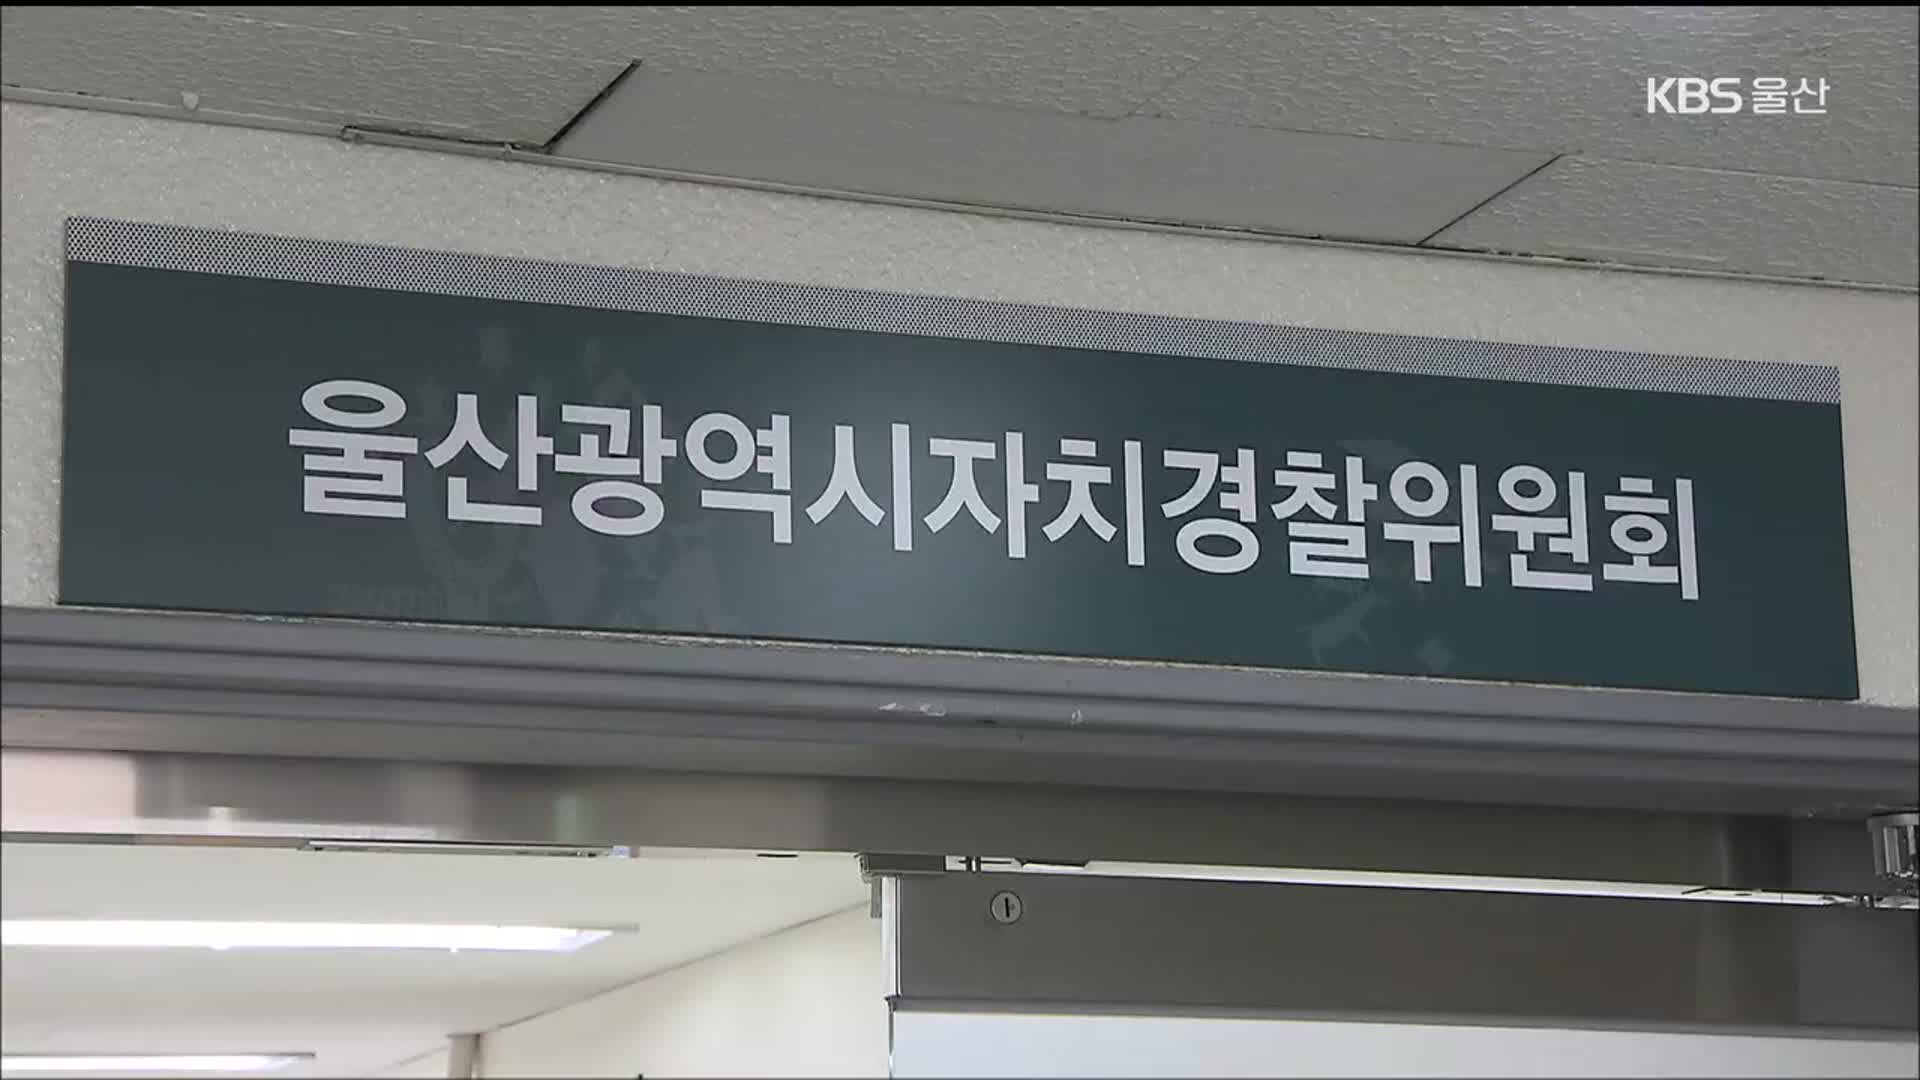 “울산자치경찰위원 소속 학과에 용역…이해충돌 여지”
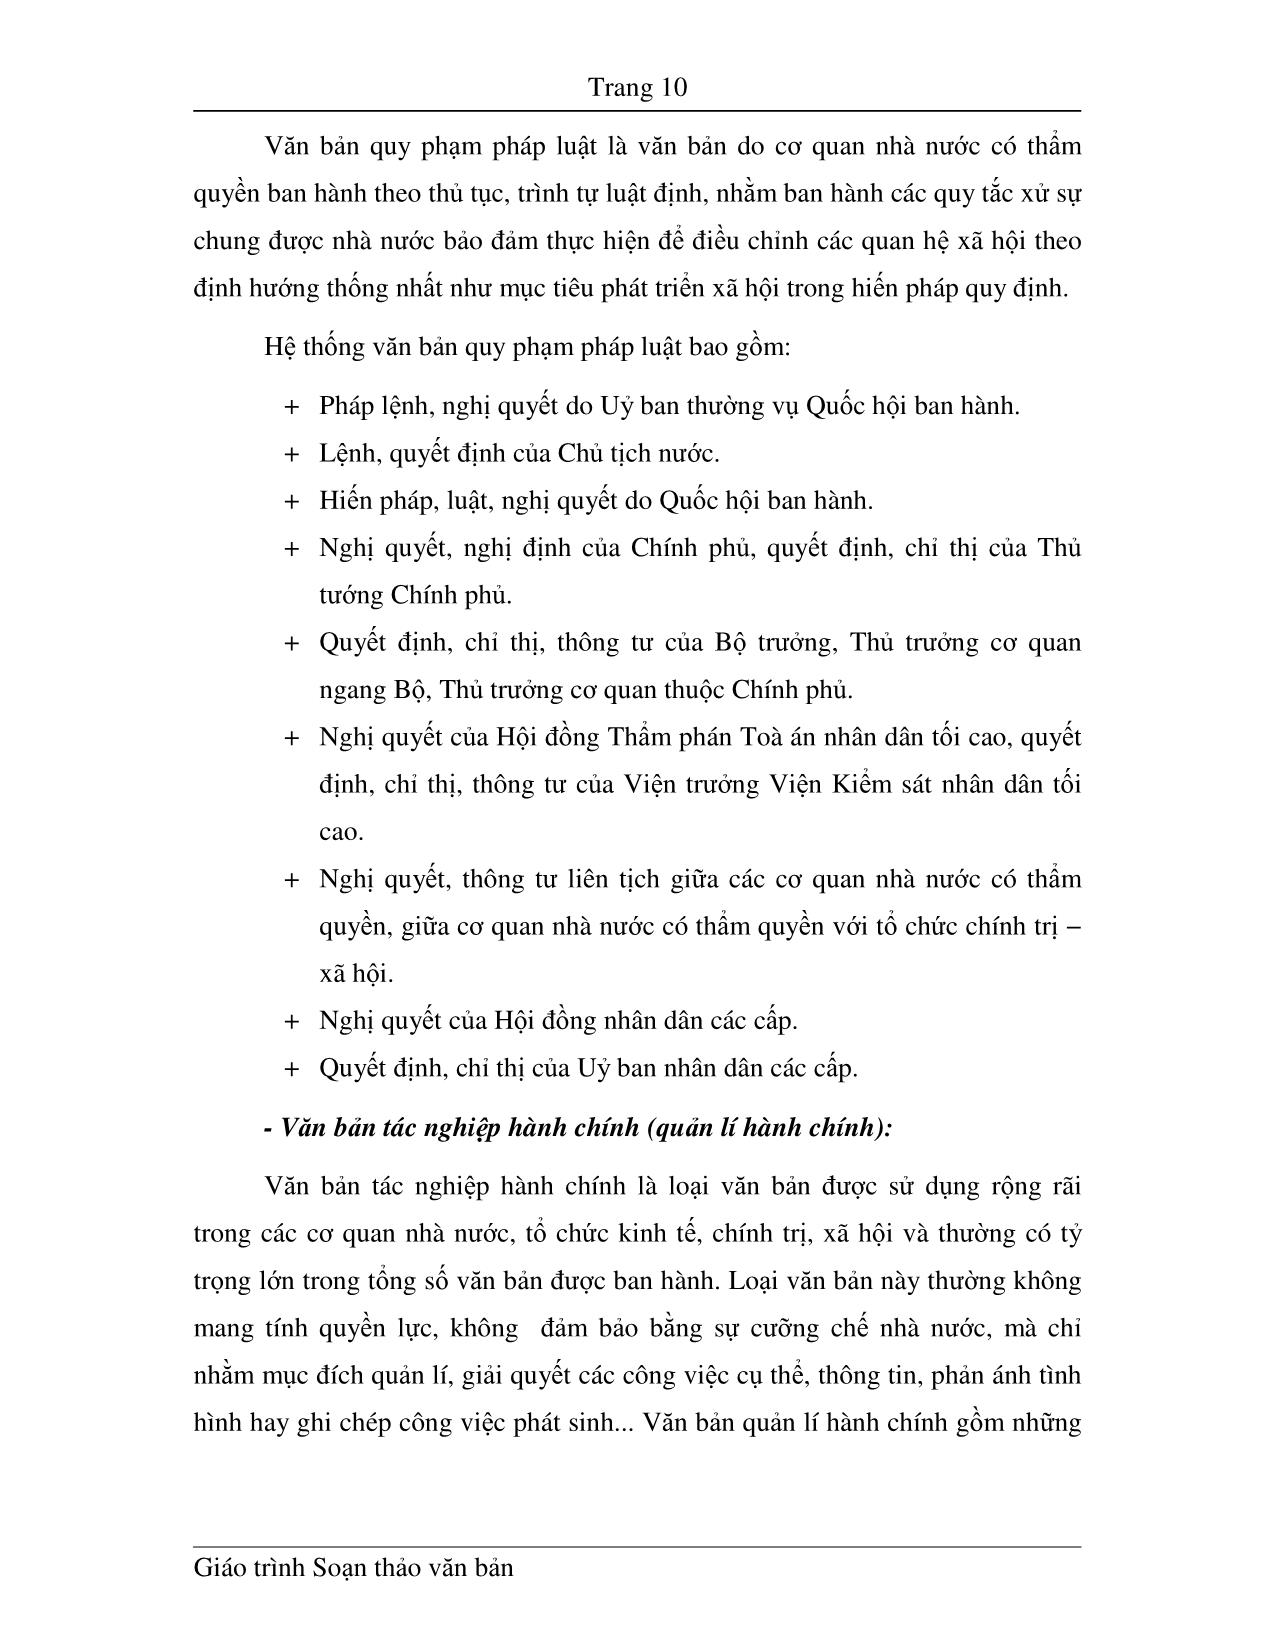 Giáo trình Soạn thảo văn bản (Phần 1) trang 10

============================================================

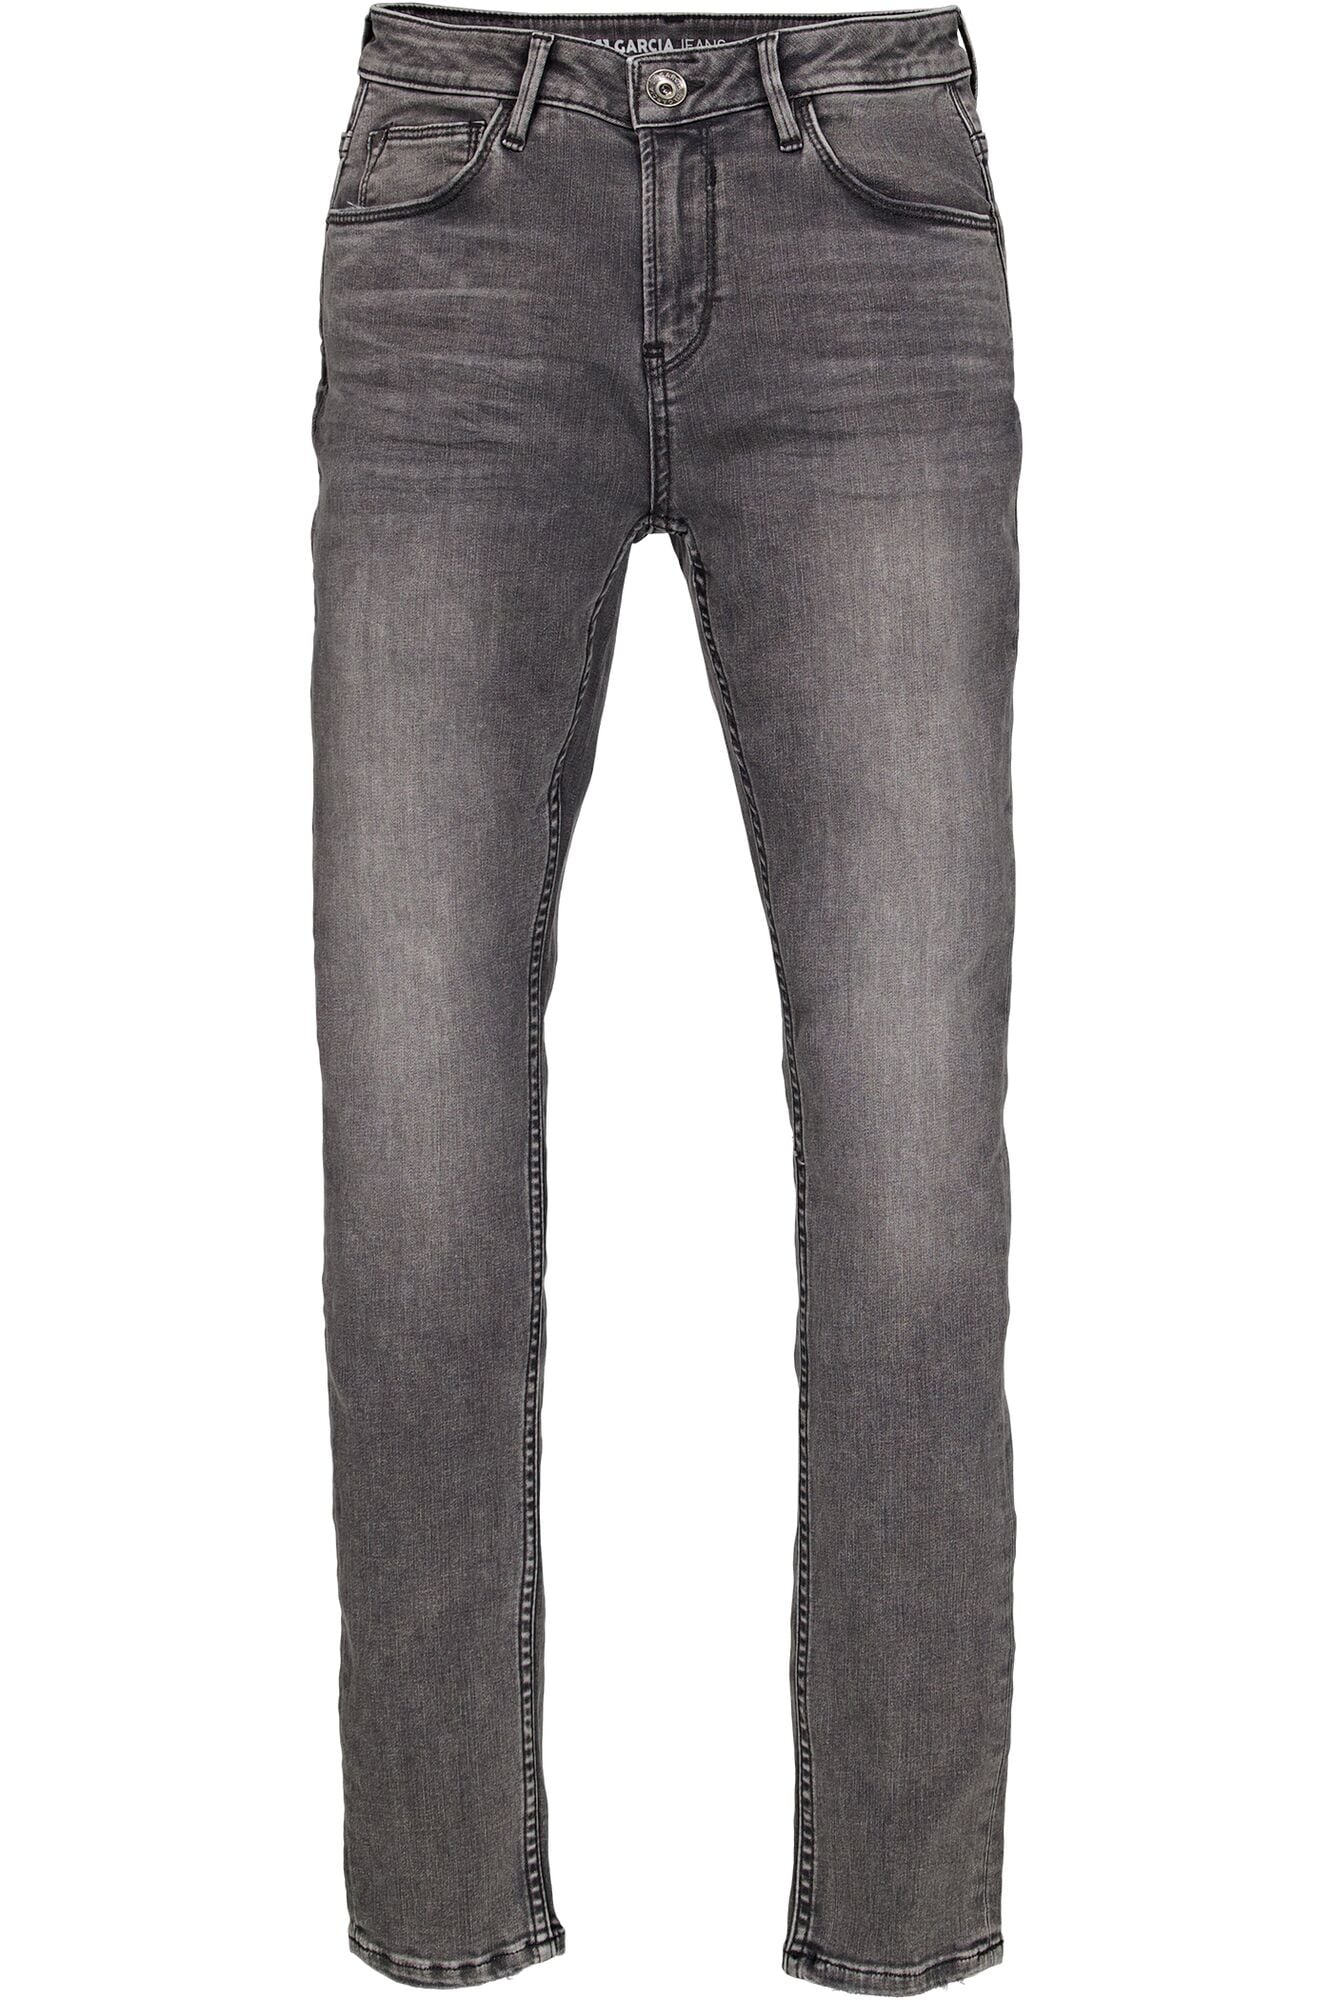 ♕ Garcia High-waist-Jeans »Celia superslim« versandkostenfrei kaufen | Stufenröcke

============================================================

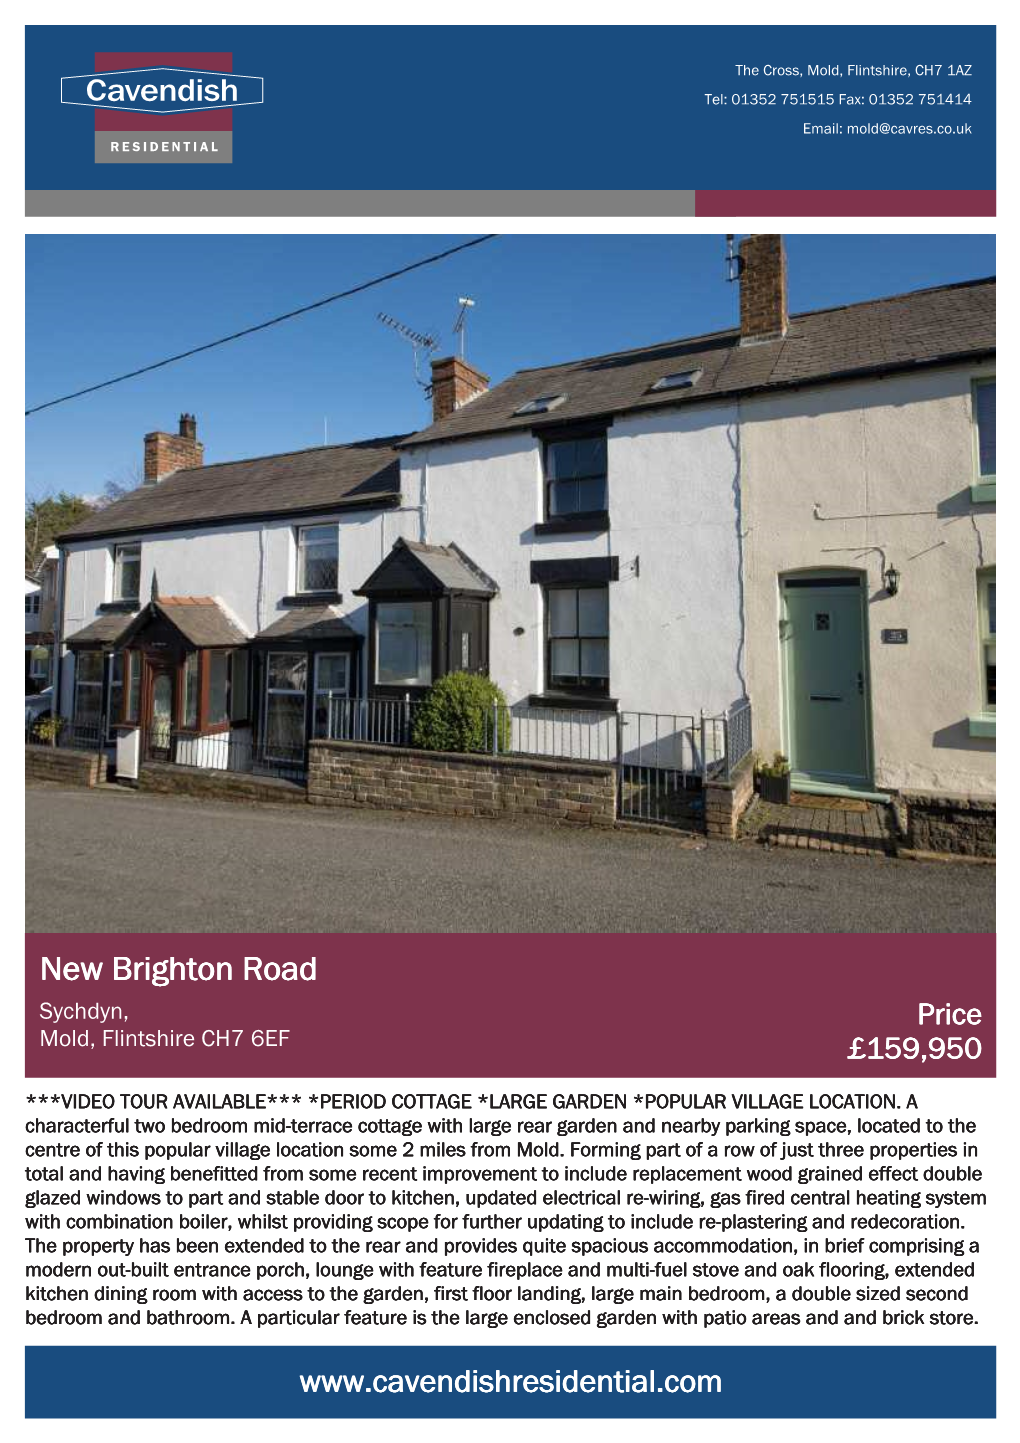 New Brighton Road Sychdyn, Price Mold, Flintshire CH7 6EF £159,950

============================================================

Exactly the lines starting at the one above with "소속 학과에 용역…이해충돌" and ending at the one with "Giáo trình Soạn" should be printed, and nothing else. Omit the pictures.

Your response =
 “울산자치경찰위원 소속 학과에 용역…이해충돌 여지”
 Giáo trình Soạn thảo văn bản (Phần 1) trang 10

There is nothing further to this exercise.